30 de junio de 2026
Suscribirse


30 de junio de 2026
Suscribirse

Laboral


Universidad de La Sabana

Entre goles, tendencias y visas: retos regulatorios del trabajo digital transfronterizo

30 de junio de 2026

Sofía Díaz Vargas

Profesora de la Facultad de Estudios Jurídicos, Políticos e Internacionales de la Universidad de La Sabana
Universidad de La Sabana
Canal de noticias de Asuntos Legales

Con ocasión del evento deportivo más importante del planeta, miles de personas interactúan, tanto de manera presencial como digital, alrededor de los partidos que se disputarán hasta el 19 de julio en Estados Unidos, México y Canadá. Entre ellas se encuentran cientos de creadores de contenido que viajan junto con sus equipos de producción para documentar el torneo y compartirlo con sus audiencias.

Sin embargo, detrás de esta actividad emerge una discusión jurídica de creciente relevancia. Mientras en Colombia comienza a reconocerse el trabajo digital como una actividad protegida constitucionalmente, las restricciones migratorias continúan respondiendo, en gran medida, a categorías laborales tradicionales.

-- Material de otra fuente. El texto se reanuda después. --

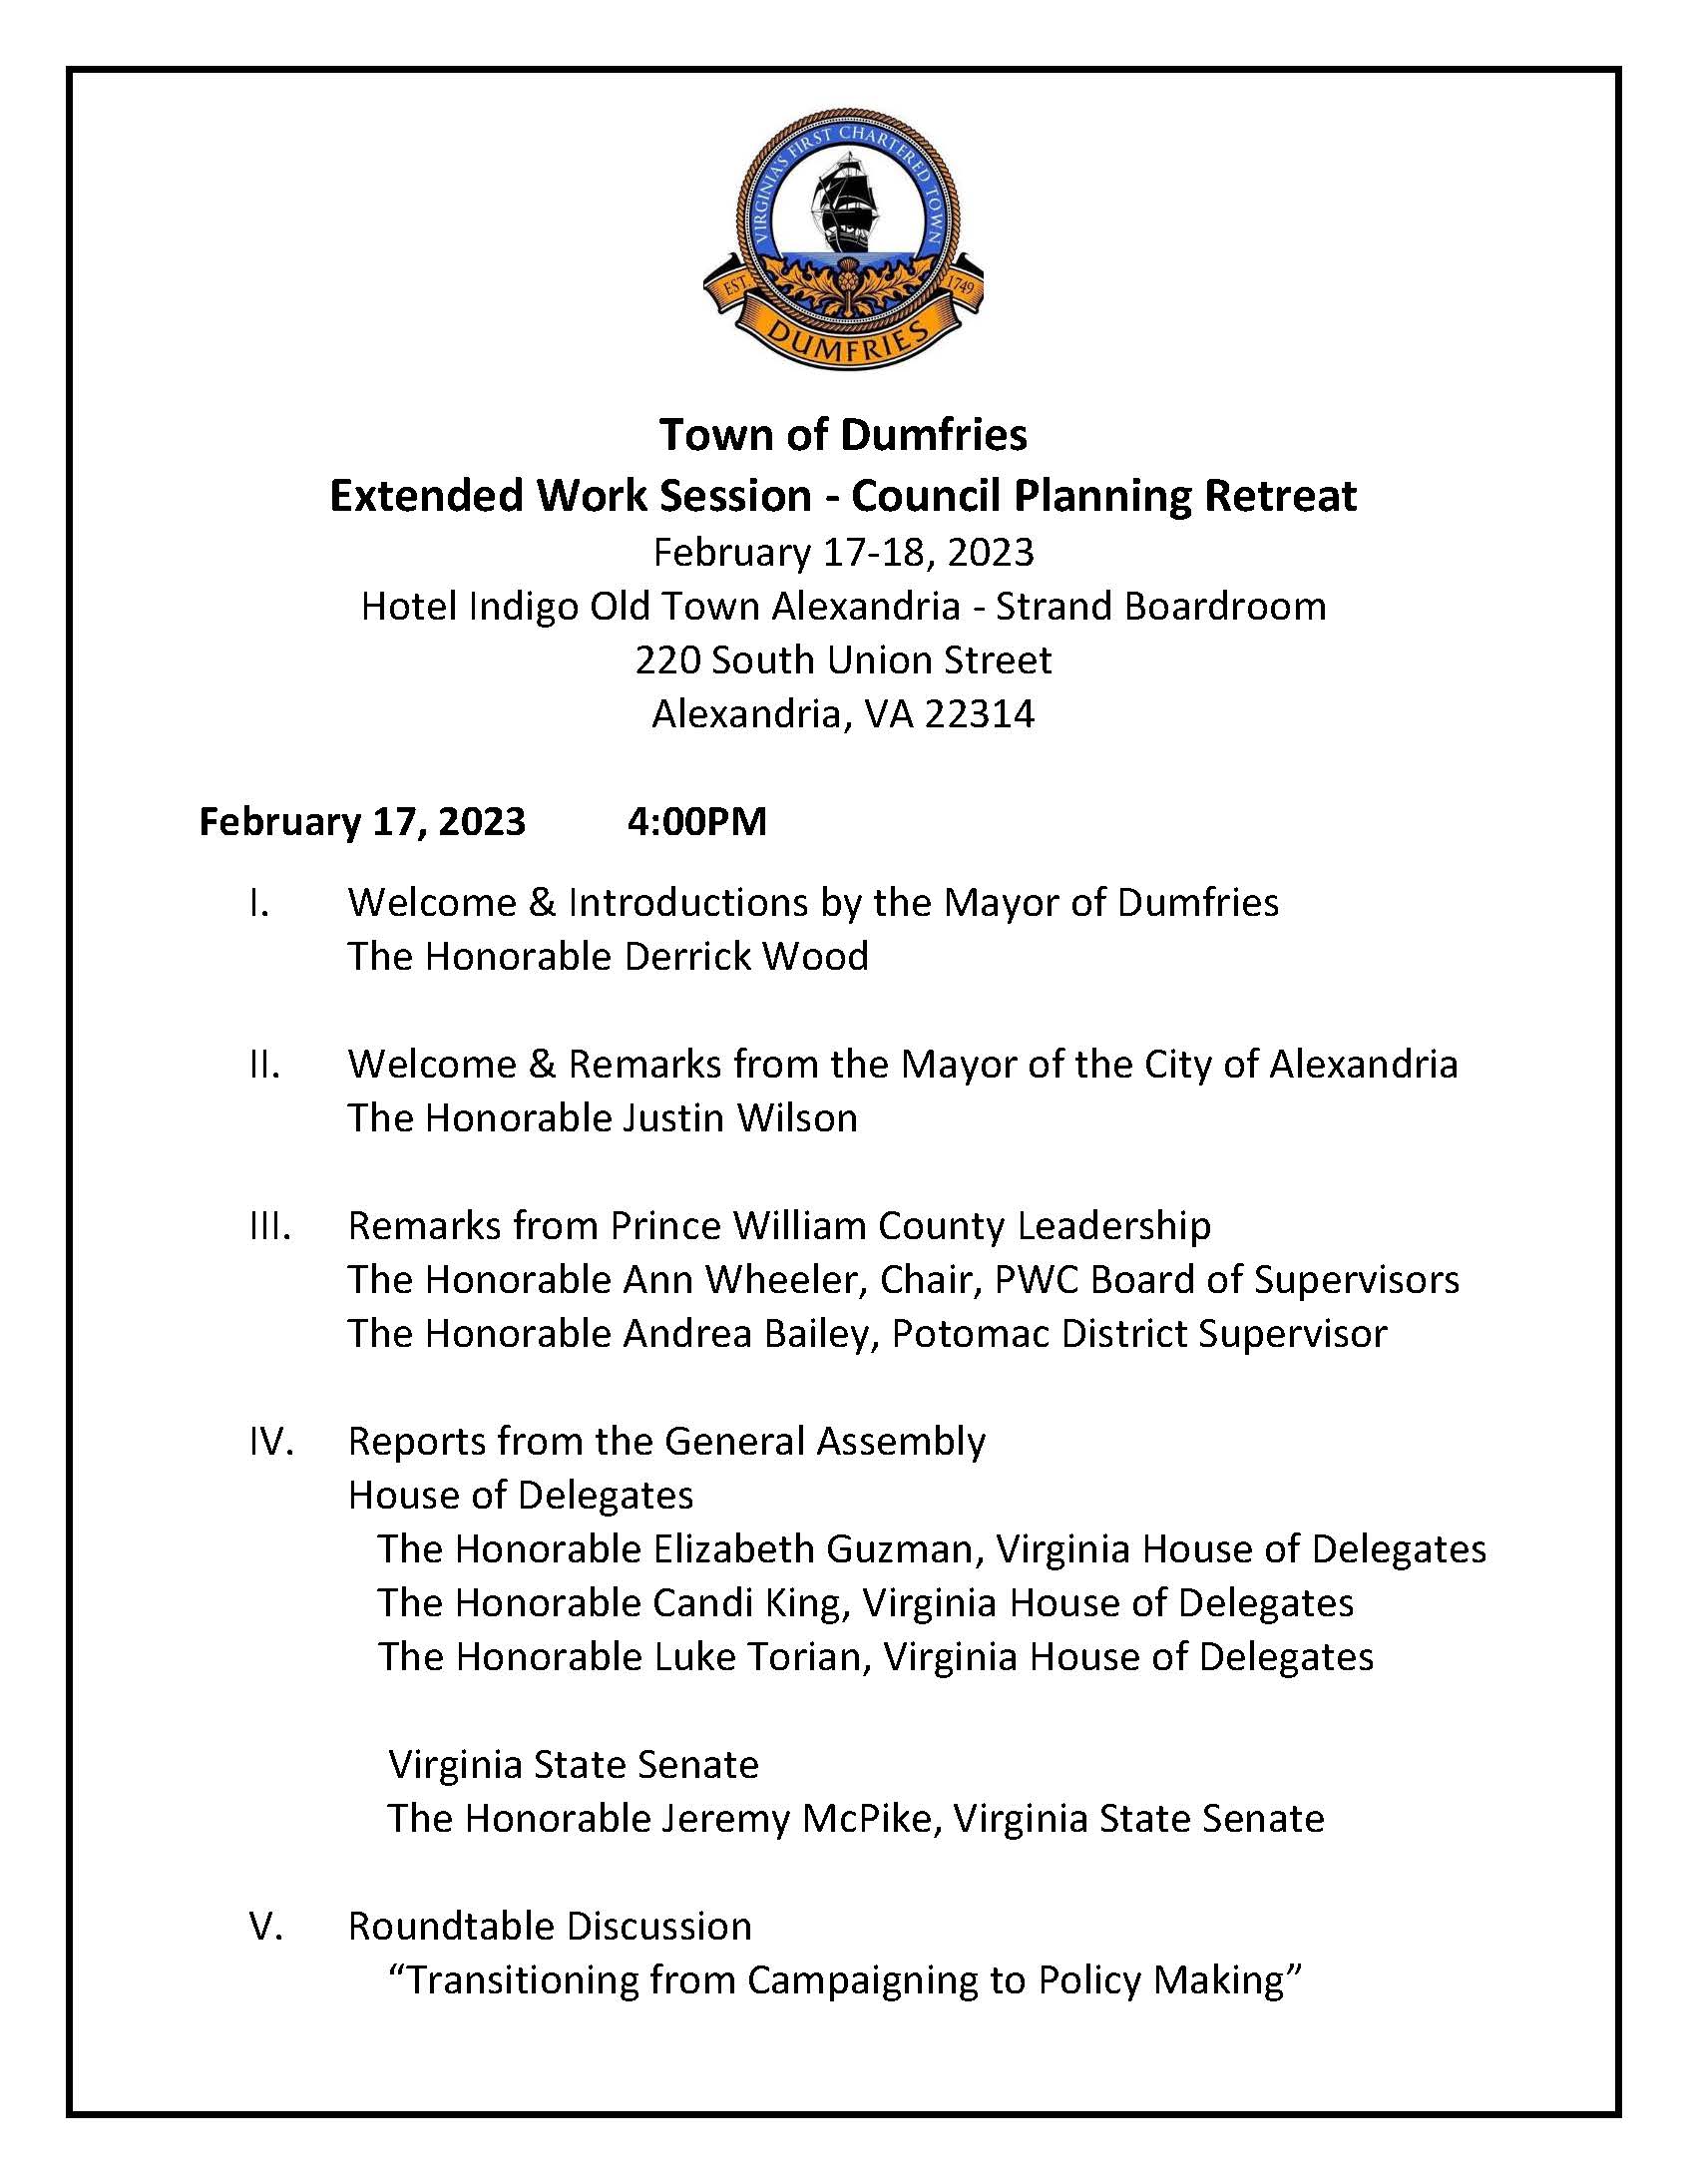 Town of Dumfries - Extended Worksession Agenda_Page_1

El trabajo digital como derecho fundamental

La concepción tradicional del trabajo ha evolucionado al ritmo de la transformación digital. En Colombia, uno de los principales hitos en esta materia fue el caso de Esperanza Gómez contra Meta, analizado en la Sentencia T-256 de 2025. La Corte Constitucional reconoció que la actividad de los influenciadores, lejos de ser un pasatiempo, constituye una verdadera forma de trabajo protegida por los artículos 25 y 26 de la Constitución.

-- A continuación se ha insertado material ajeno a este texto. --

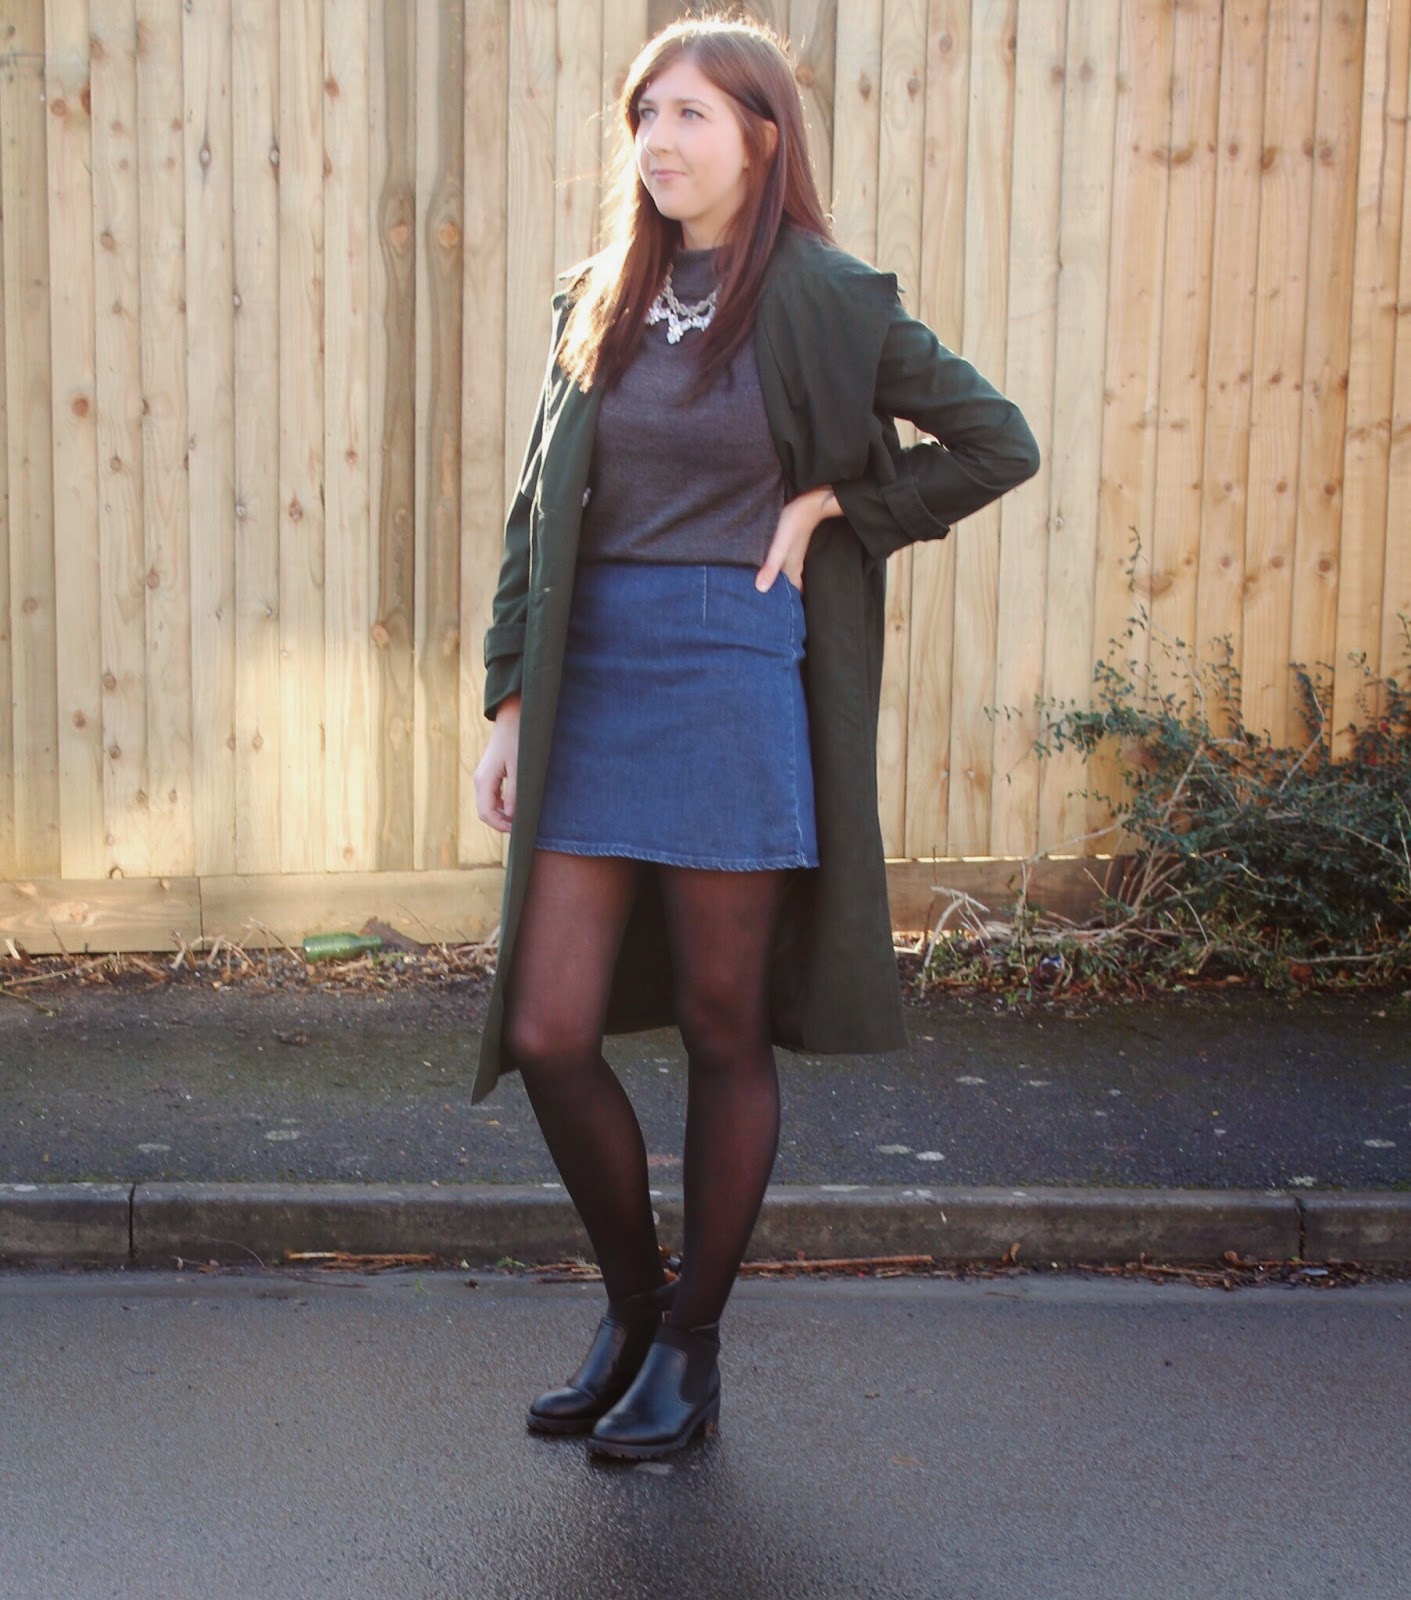 asseenonme, asos, primark, trenchcoat, wiw, whatimwearing, ootd, outfitoftheday, lotd, lookoftheday, alineskirt, denimskirt, rollneck, fbloggers, fblogger, fashionbloggers, fashion, chelseaboots, necklace,  halcyonevelvet

Esta tendencia se alinea con el reconocimiento internacional del impacto de las plataformas digitales en el mundo del trabajo. En esa dirección, el Convenio 193 de la Organización Internacional del Trabajo (OIT), adoptado el 12 de junio de 2026, exige a los Estados garantizar, entre otras cosas, una adecuada clasificación de las actividades desarrolladas mediante estas herramientas tecnológicas.

Aunque la actividad es protegida constitucionalmente, las decisiones de plataformas privadas tienen una alta capacidad de incidencia que supera los mecanismos tradicionales de control estatal. La Corte Constitucional ya ha advertido que esta situación coloca a los creadores de contenido en escenarios de indefensión, pues las plataformas determinan el alcance y la visibilidad de los contenidos.

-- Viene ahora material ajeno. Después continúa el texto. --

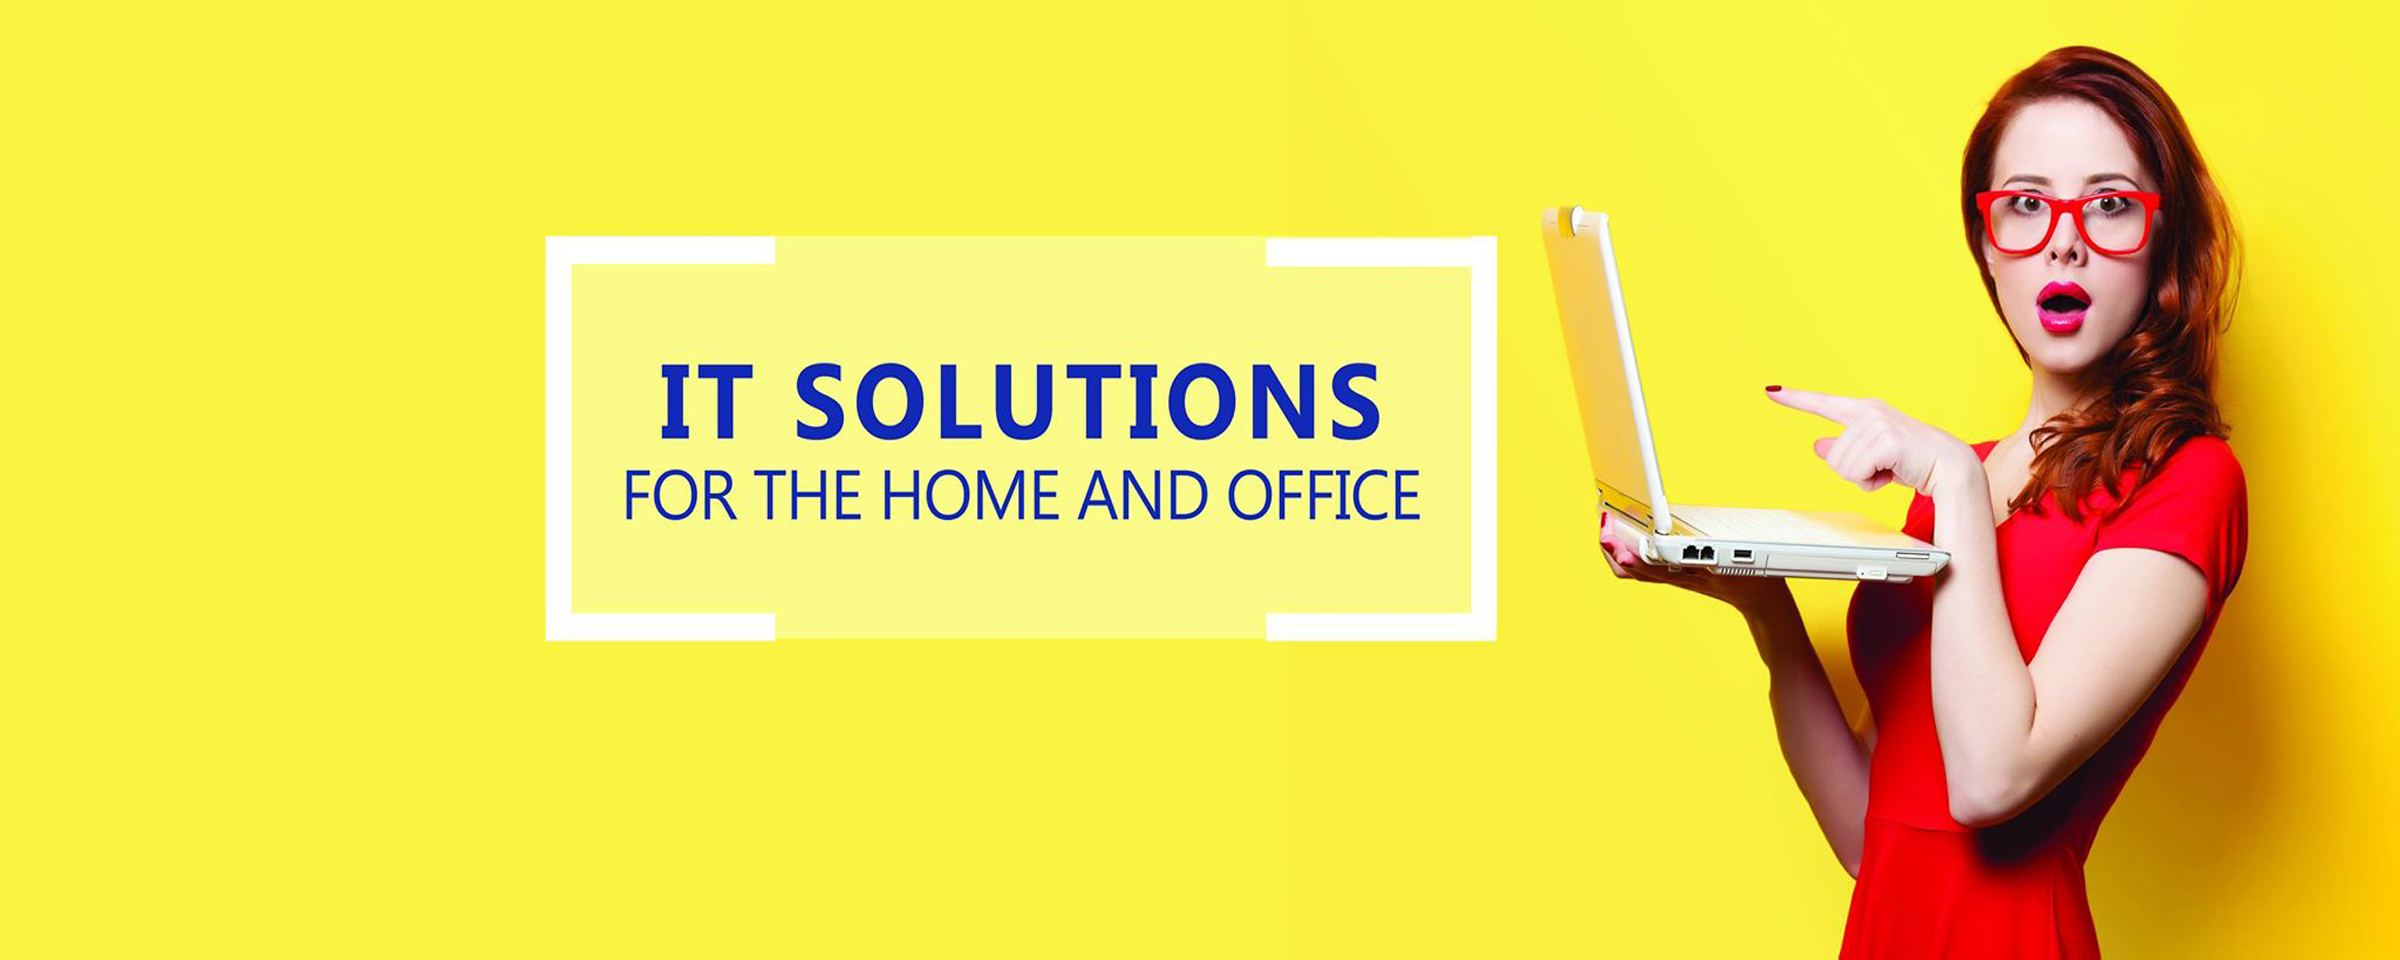 IT Solutions for the Home and Office

Restricción migratoria para el turismo viral

Durante el Mundial de 2026, las autoridades estadounidenses advirtieron que una visa de turismo no autoriza la realización de actividades remuneradas y señalaron la posibilidad de revisar la actividad digital de los viajeros para verificar la coherencia entre el propósito declarado del viaje y las actividades efectivamente desarrolladas en el territorio.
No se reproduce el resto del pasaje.